The list is pretty good and of these I’ve had more than a few of them happen to me. There were a few that I’ve never seen and it makes me worry a bit that this guy doesn’t have a good staff or set of vendors working with him. But one of these is very interesting.
The second item on the list, a controller going bad and corrupting disks, is an interesting one in today’s world. What would you do if this happened on your SAN? Actually I know what you’d do. First you’d be in denial, and I don’t mean the river in Africa.
Then you’d tell the SAN guys. They wouldn’t believe you. You’d argue and they’d check things, then they’d wonder how it could happen and why? You’d scream at them to fix it, probably using 4 letter, not 3 letter words. They’d start looking for ways to recover data and your hair would be slowly thinning as upper managers started calling down looking for answers.

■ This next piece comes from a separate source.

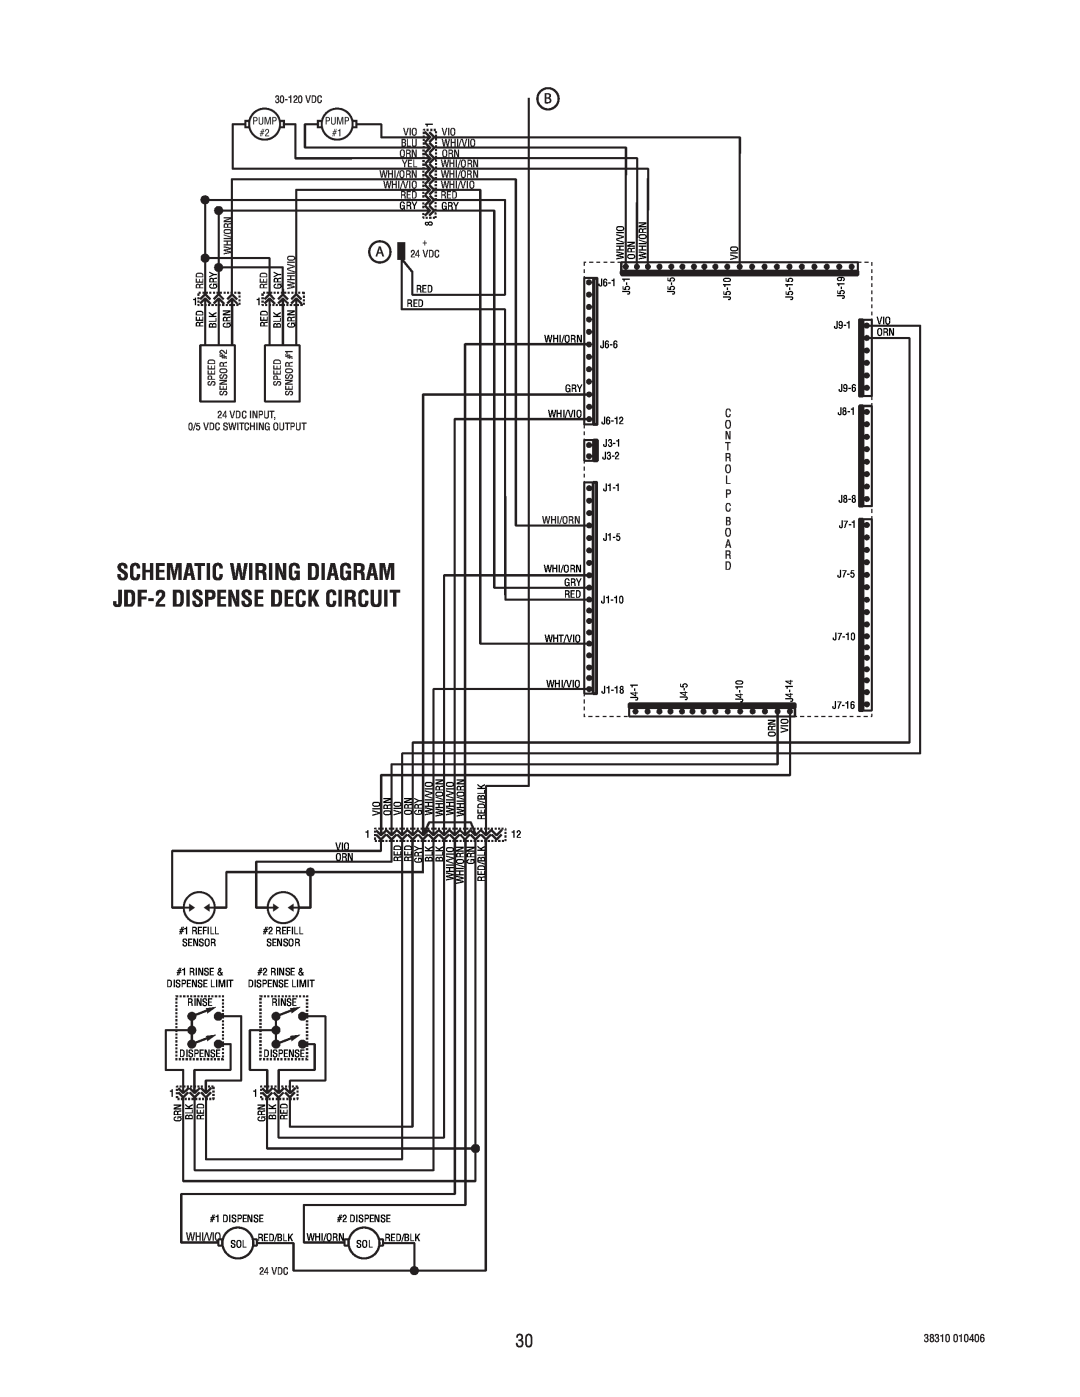 Bunn JDF-2N manual Schematic Wiring Diagram, JDF-2 DISPENSE DECK CIRCUIT

It shouldn’t happen, but it could. Some marketing VP is showing off that nice piece of SAN equipment with it’s high speed switches, dozens of drives, and lots of colored wires. He sloshes some coffee onto the system, freezes, but when the flashing red lights and siren from the Enterprise don’t go off (Red Alert!), he continues his tour while the controller scribbles on your disks.
Restoring from backup might be easy. Of course if you have a system like some I’ve seen that shares physical disks among multiple LUNs, it might not.
Disaster Recovery is rarely the hurricane Katrina type of issue. Usually it’s something like a disk drive, raid controller, cut wire, etc. that you have to deal with. So think about all of the minor disasters that you want to be sure you can handle and get some practice in on those. Make sure you have spare parts, you can rebuild a server (QA machines are handy for this), you know how to perform a restore.
And most of all, be sure that you know where the backup files are stored. Preferably on different disks than the production data.